Знаки

     Себастьян Рудольфович вышел на манеж весь из себя такой... Элегантный. В руке гибкий хлыст, которым он слегка стегает по филейной части Цезаря и тот покорно, но поистине с кошачьей гибкостью и королевским достоинством, безупречно выполняет все самые  замысловатые трюки. Публика рукоплещет... Приближается финальная точка представления. Апофеоз. Музыка смолкает, зрители замирают и в этой, полной напряжённого ожидания тишине, раздаётся барабанная дробь.

Сначала тихо, исподволь, а потом громче, чаще, по нарастающей...  Себастьян Рудольфович делает много раз отрепетированное движение и Цезарь послушно открывает свою пасть. Барабанная дробь достигает своей высшей точки звучания, когда укротитель с лёгкой улыбкой бесстрашно кладёт свою голову в отверстую пасть и... Цезарь смыкает челюсти! Дикая боль в районе шеи и брызги хлещущей крови...

Себастьян Рудольфович испуганно открыл глаза. Фу, чёрт! Приснится же такое! И самое главное накануне первого показа! Сердце колотилось так, что в голове стучало. На лбу выступила испарина.
- Чёрт, чёрт, чёрт! Никак вещий сон?- испуганно бормотал Себастьян Рудольфович, массируя задеревеневшую шею и размазывая ладонями пот. Потом немного подумал и добавил: - Какая глупость. Что, это моё первое выступление? Первая новая программа? Раньше спал как убитый. И никаких снов. Вообще никаких. 
Облегчённо махнул рукой и пошёл на кухню ставить чайник.

С улицы послышался истошный вой. Он выглянул в окно.  На газоне ожесточённо дрались подвальные коты. Было неясно по какой причине, но драка была нешуточная - шерсть клоками летела во все стороны, и на загривке пятнистого кота расплылись бурые пятна.
Себастьян Рудольфович почувствовал, как внутри образовалась противная мелкая дрожь и постепенно стала заполнять его тело.
- Это  неспроста, - думал он, дрожащей рукой размешивая сахар. - Всё одно к одному. Окровавленные коты... Сон... Мне НИКОГДА сны не снились. Это неспроста... Знак... Да, да! Знак!

Заметался по крошечной кухоньке не понимая, чтобы такое предпринять. Попил валерьянки. Подышал.  Не в силах больше справиться с одолевающим беспокойством, оделся и выскочил на улицу.
На свежем воздухе немного попустило и, не желая возвращаться в замкнутое пространство убогого жилища, решил немного прогуляться, что ему вообще было не свойственно.
- Что-то со мной непонятное происходит,- думал он, размашисто шагая по знакомой улице. - Наверное, на пенсию пора... Но как до неё дотянуть?

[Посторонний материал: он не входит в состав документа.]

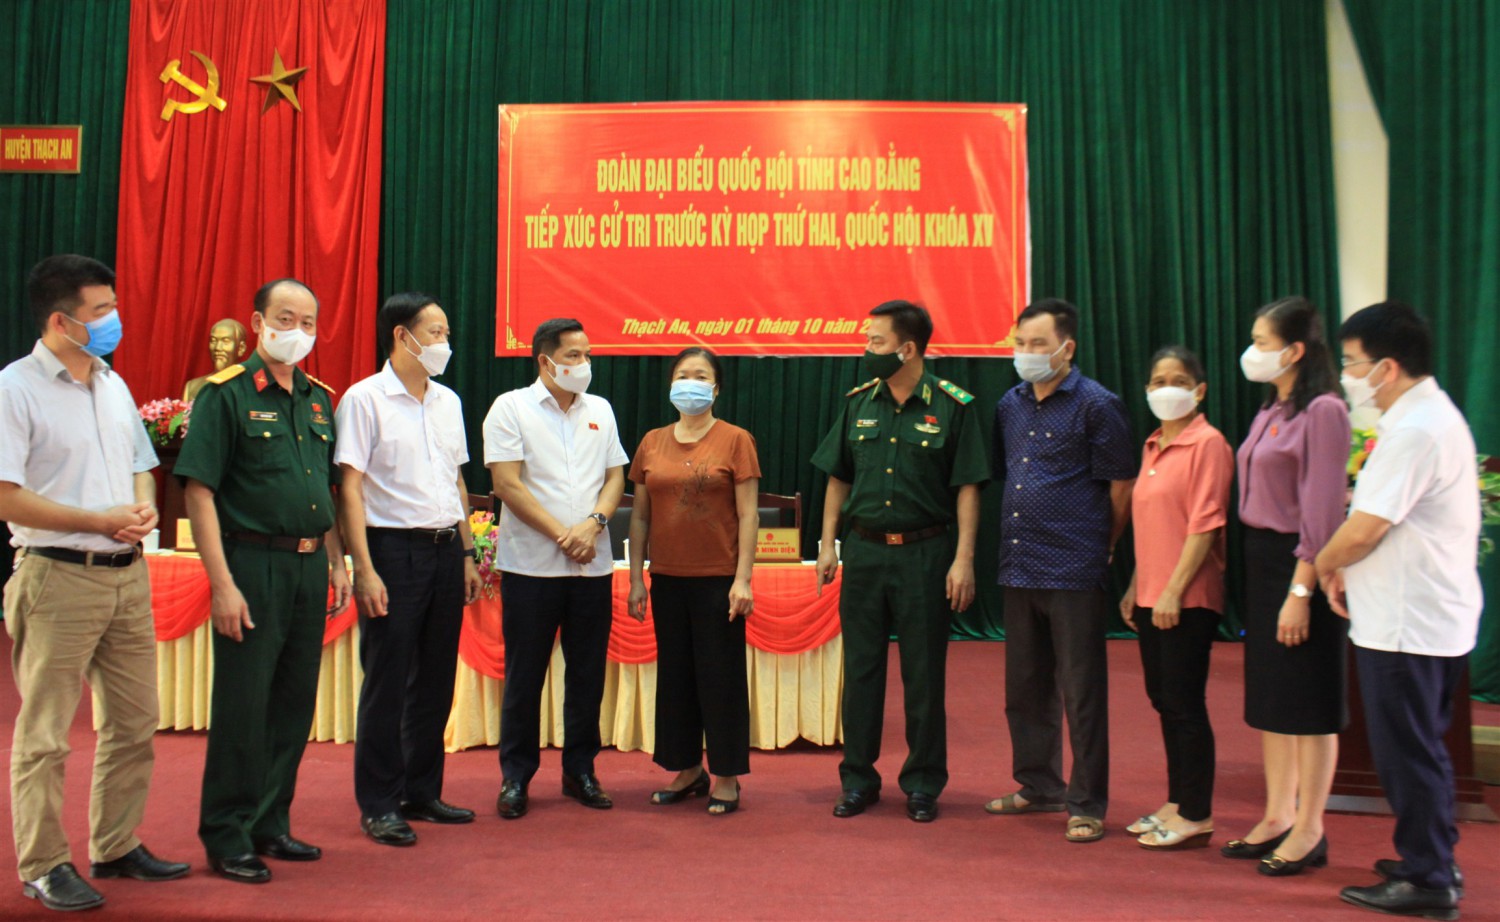 Đoàn đại biểu Quốc hội tỉnh trao đổi với cử tri huyện Trùng Khánh.

Неожиданно путь преградила металлическая ограда.
- А это ещё, что такое?
За оградой виднелась белокаменная церковь с золотистыми луковками куполов.
Себастьян Рудольфович почувствовал раздражение. Было непонятно откуда она здесь появилась. Столько раз проходил и никогда не видел. А теперь вот, здрас-с-сти вам...

Он резко развернулся, намереваясь уйти, но оступился с высокого поребрика и растянулся во весь рост  на пыльном тротуаре.
- Что, сынок, грехов много? В церковь хотел, а они не пускают? - съехидничала проходившая мимо старушка.
- Какие грехи, - огрызнулся Себастьян Рудольфович, отряхивая пыль со светлых брюк.

И впрямь. Жил он один. Семьи не было. Характер имел покладистый и никогда не участвовал ни в каких конфликтах. Ни  на работе, ни в общественных местах. Правда, любил покушать и выпить, но кто не любит? Хотя... Чревоугодие, вроде грех. А выпивка? Тоже грех? Чёрт знает эти правила...
 Он беспомощно огляделся вокруг.
- Бабка, наверное, не зря про грехи сказала. Вот бы спросить откуда она это взяла? Неужели что-то заметно?

Он потёр лоб, словно стараясь стереть на нём невидимые следы и решил зайти.
- Может я не так уж и грешен, но свечку поставлю, пусть отстанет...
Неприязненно покосился на тёмный лик Спасителя, освещённый тусклым светом лампадки, торопливо ткнул тоненькую свечечку и как ошпаренный выскочил на улицу.

- Ну всё. Теперь можно не переживать, - думал он с облегчением покидая территорию церкви. - Бог не Яшка, видит кому тяжко...
Настроение поправилось и Себастьян Рудольфович завернул в ближайший алкомаркет.
- Сейчас стаканчик пропущу и жизнь заиграет новыми красками, - ободрял себя, чувствуя приятную тяжесть четырёх бутылок, призывно позвякивающих в полиэтиленовом пакете.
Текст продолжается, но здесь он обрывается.